The inverse index-to-word map is returned by `get_feature_names`.

In [12]:
features = vectorizer.get_feature_names()
display(features[10000:10010])
display(len(features))

['1948 changing',
 '1948 closed',
 '1948 college',
 '1948 created',
 '1948 declared',
 '1948 declares',
 '1948 direct',
 '1948 educational',
 '1948 electrical',
 '1948 enrollment']

906821

In [13]:
vectorizer.vocabulary_['1948 birch']

9997

### Feature Hashing with `HashingVectorizer`
`HashingVectorizer` implements the `CountVectorizer` but with the hashing trick. More info on feature hashing [here](https://en.wikipedia.org/wiki/Feature_hashing).

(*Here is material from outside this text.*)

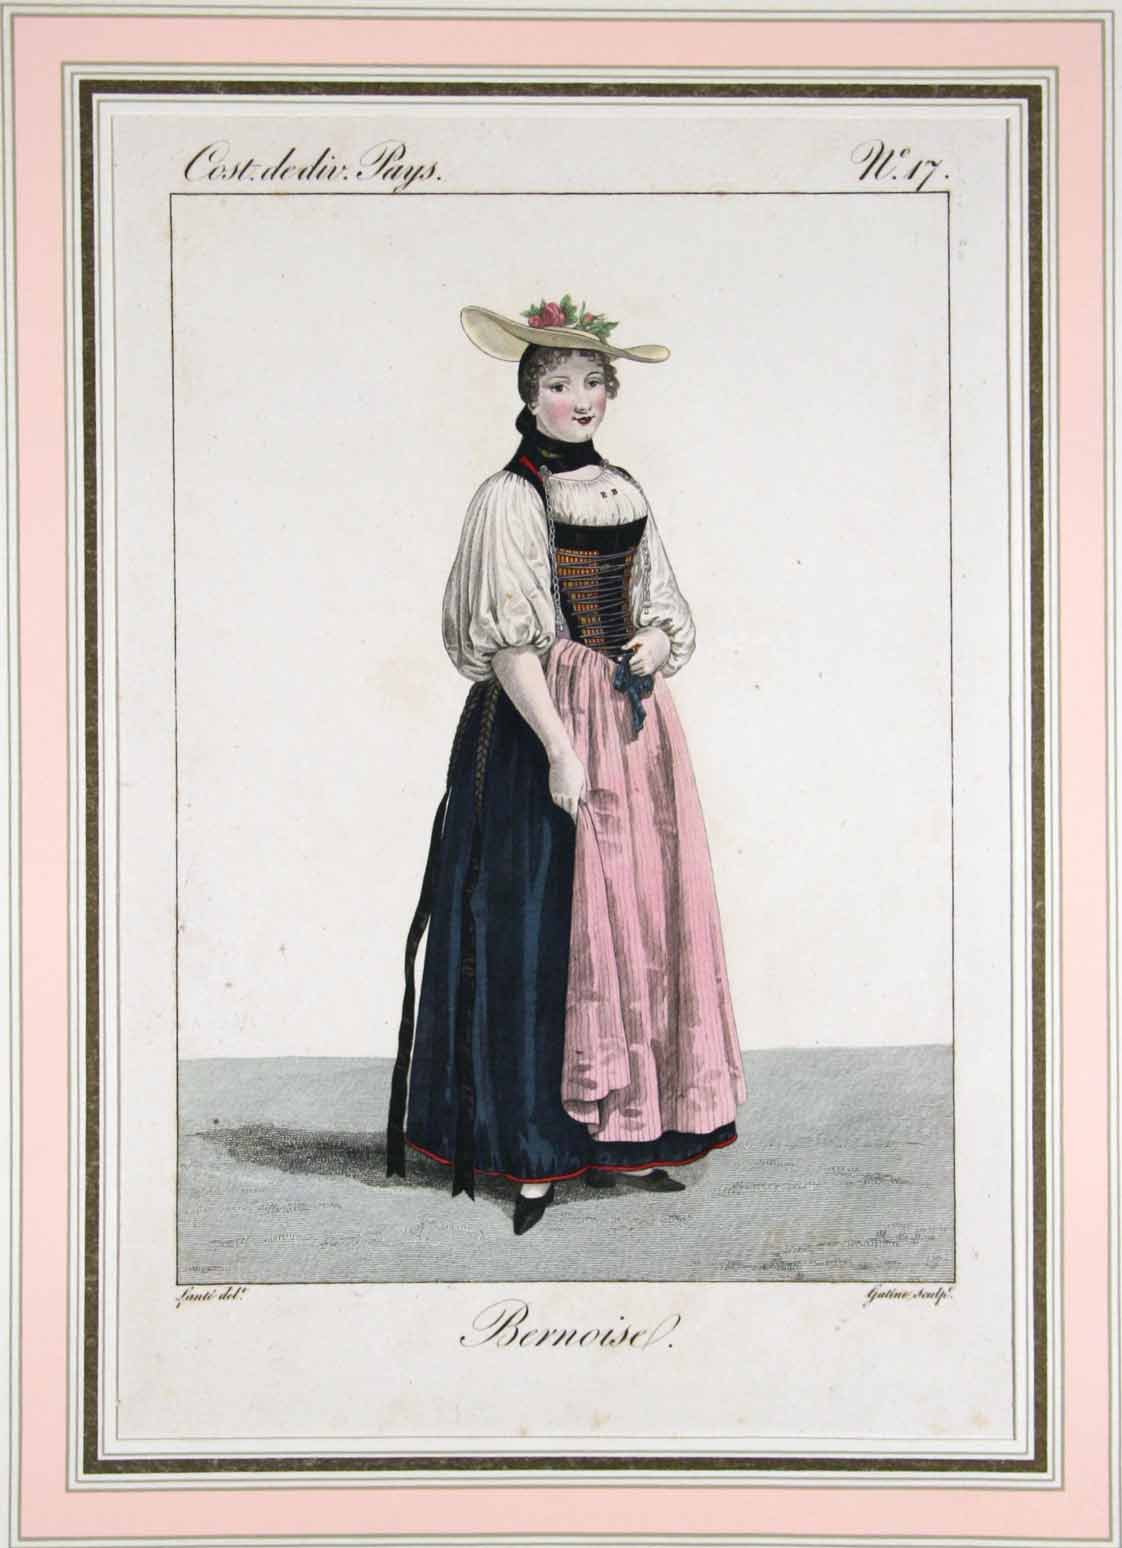 GATINE sc. d'aprs Lant del.: - Costume d'une Bernoise. 'Costumes de div. Pays' n 17.

With feature hashing we lose the ability to inspect the data, since the hash function is oneway and is not invertible, in exchange for memory efficiency

The API is almost exactly the same

In [14]:
from sklearn.feature_extraction.text import HashingVectorizer

In [15]:
h_vectorizer = HashingVectorizer(ngram_range=(1,2), strip_accents='unicode', stop_words=STOPWORDS)
h_vectorizer

HashingVectorizer(alternate_sign=True, analyzer='word', binary=False,
         decode_error='strict', dtype=<class 'numpy.float64'>,
         encoding='utf-8', input='content', lowercase=True,
         n_features=1048576, ngram_range=(1, 2), non_negative=False,
         norm='l2', preprocessor=None,
         stop_words={'mustn', 'but', 'when', 'was', 'so', 'he', 'your', 'same', 'doing', 'which', 've', 'because', 'over', 'not', 'once', 'any', 'both', 'there', 'hers', 'can', 'few', 'before', 'each', "'ll", 'down', 'about', 'with', 'against', 'then', 'won', 'their', 'this', 'had', 'theirs', 'through', 'too...'how', 'being', 'some', 's', 'is', "'s", 'ain', '``', 'aren', 'while', 'you', 'yourself', 'd', 'll'},
         strip_accents='unicode', token_pattern='(?u)\\b\\w\\w+\\b',
         tokenizer=None)

In [16]:
h_doc_counts = h_vectorizer.transform(docs.text)
h_doc_counts

<1013x1048576 sparse matrix of type '<class 'numpy.float64'>'
	with 1654314 stored elements in Compressed Sparse Row format>

#### An important realisation lol
Okay so if you notice the shape of the sparse matrix returned by the `HashingVectorizer` you'd notice that there are more number of columns (2^20, the default) as compared to the one returned by `CountVectorizer`.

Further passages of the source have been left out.